- Source material:

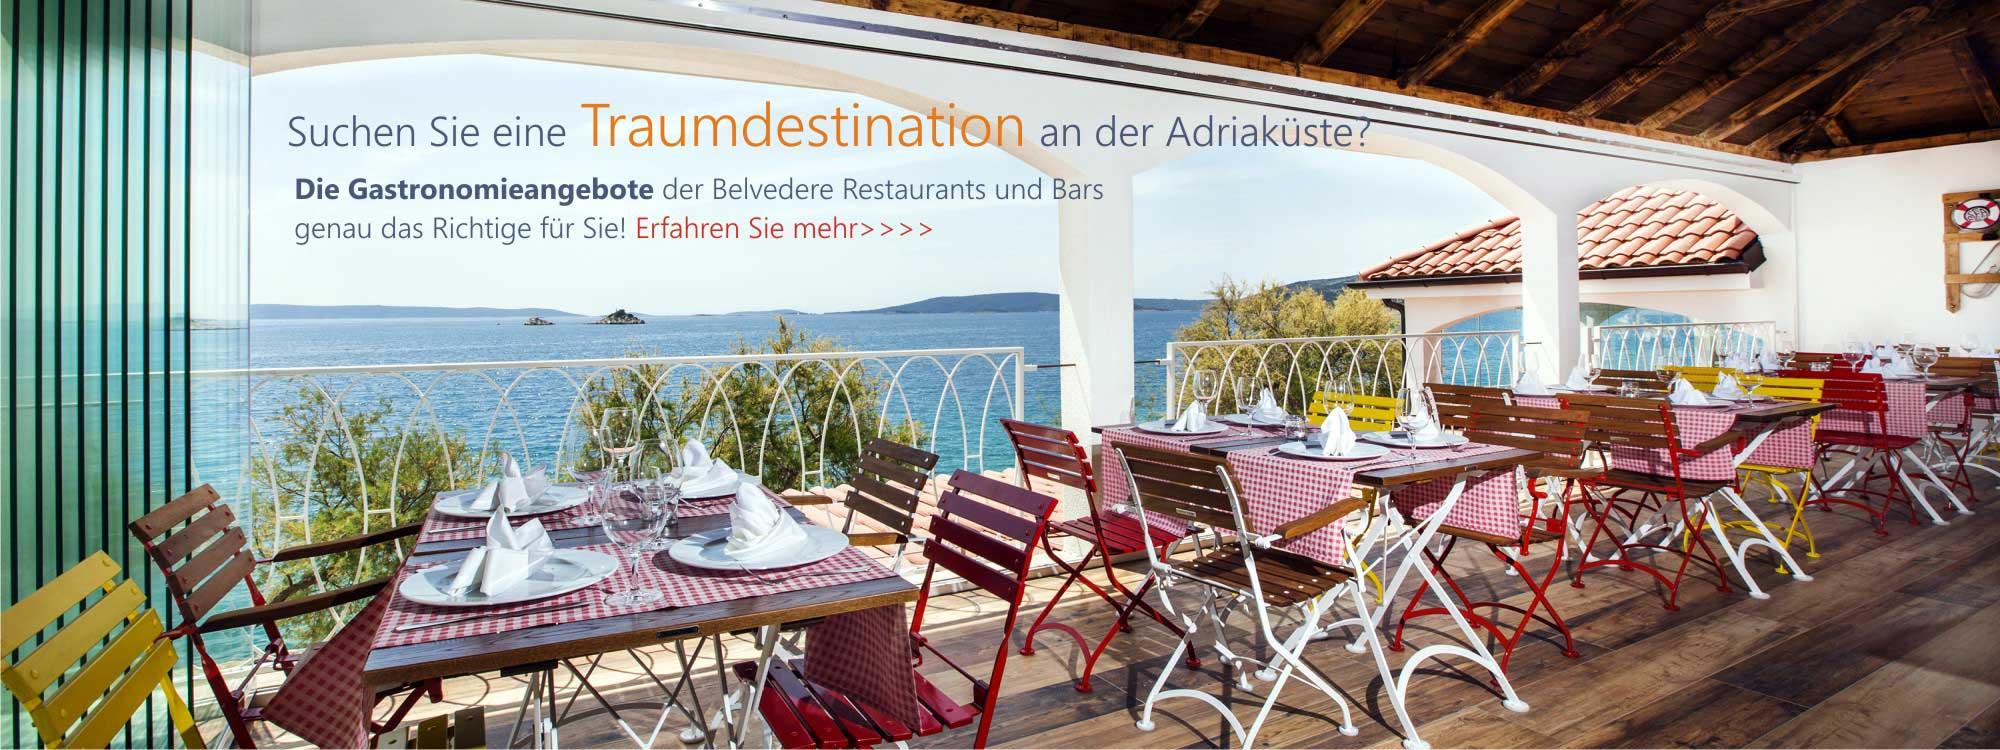 Belvedere_gastronomieangebo
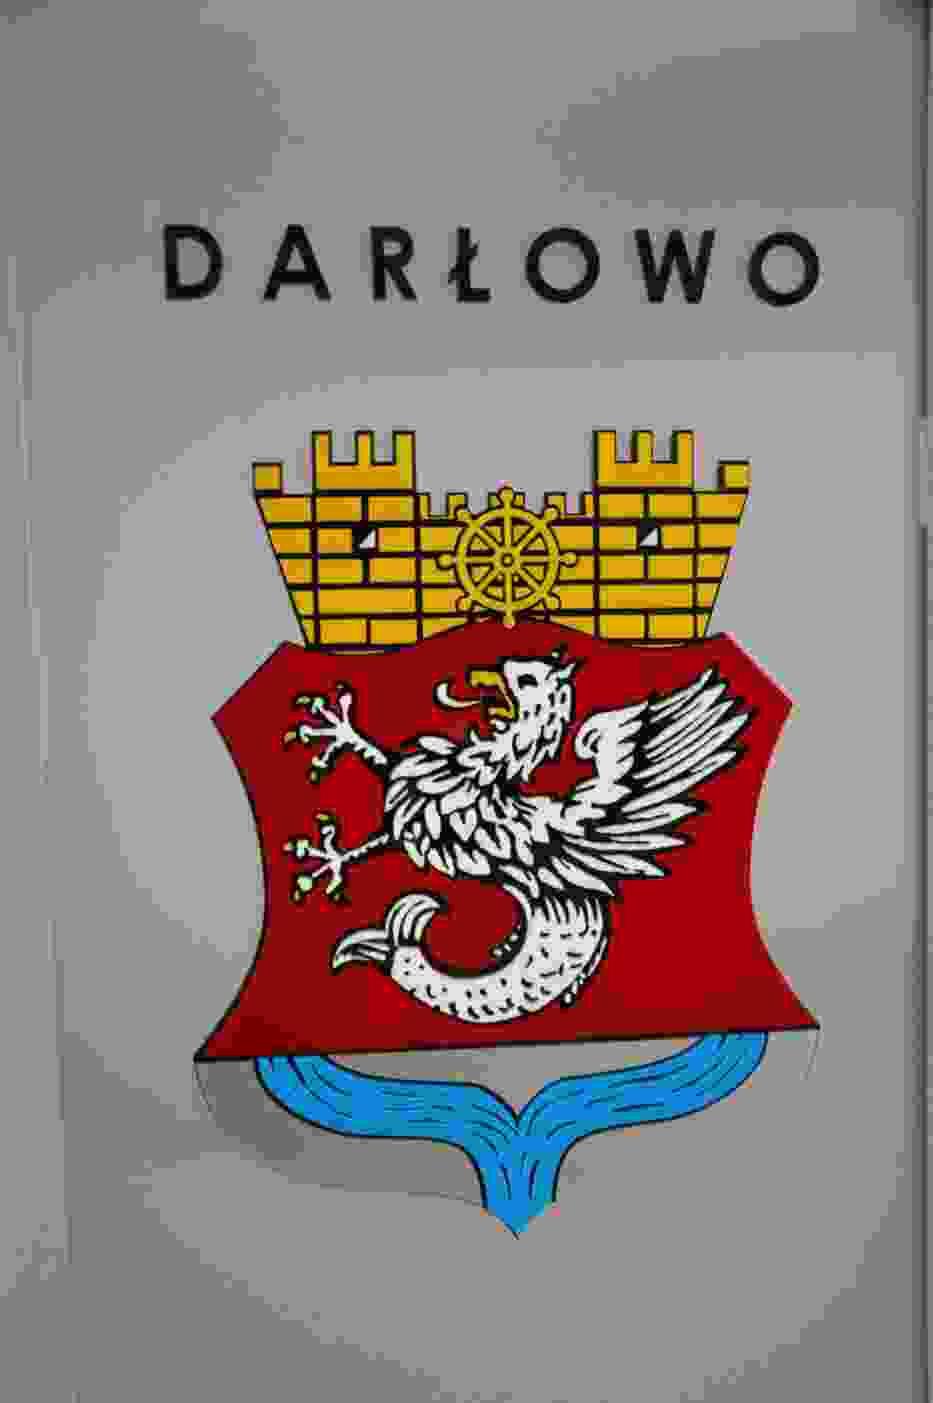 Darłowo
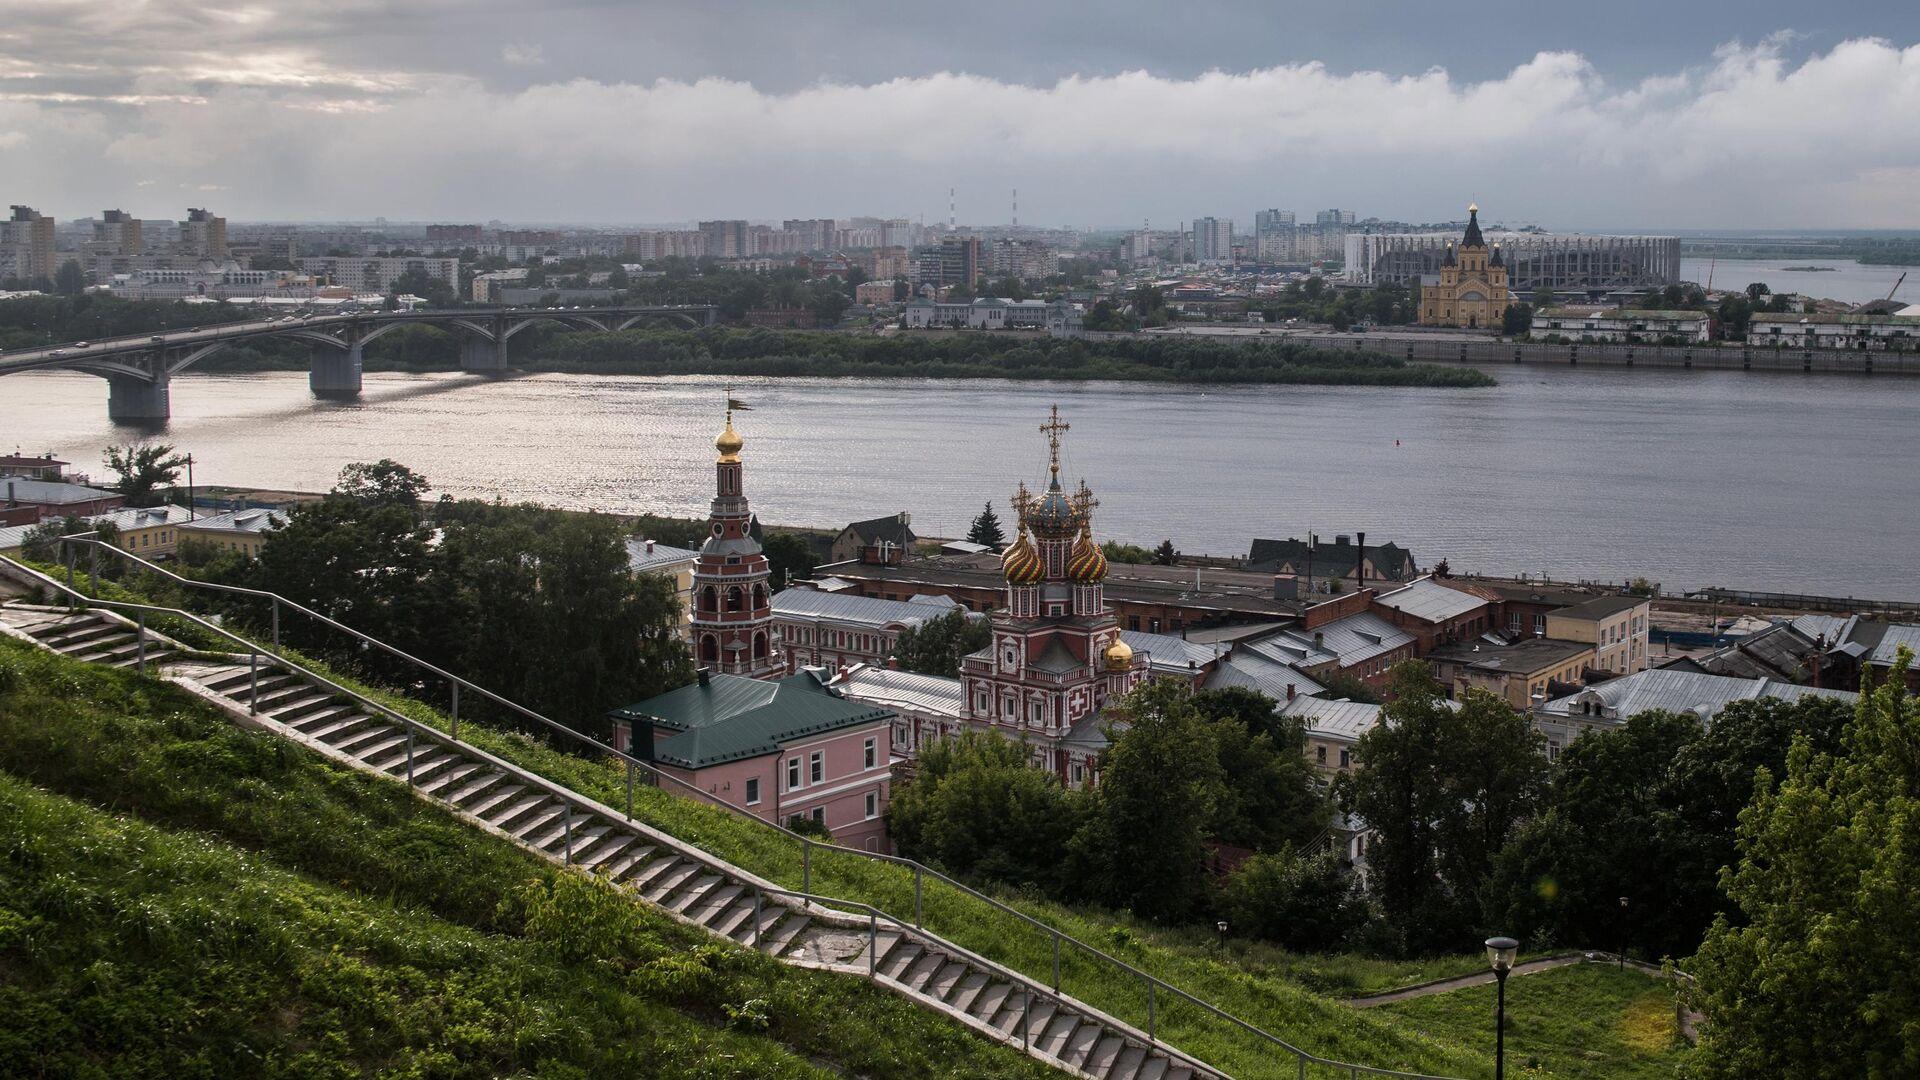 Церковь собора Пресвятой Богородицы в Нижнем Новгороде - РИА Новости, 1920, 21.09.2020

- Assignment:
Top to bottom, retype the listing exactly but drop every picture.

- The answer:
 Belvedere_gastronomieangebo
 Darłowo
 Церковь собора Пресвятой Богородицы в Нижнем Новгороде - РИА Новости, 1920, 21.09.2020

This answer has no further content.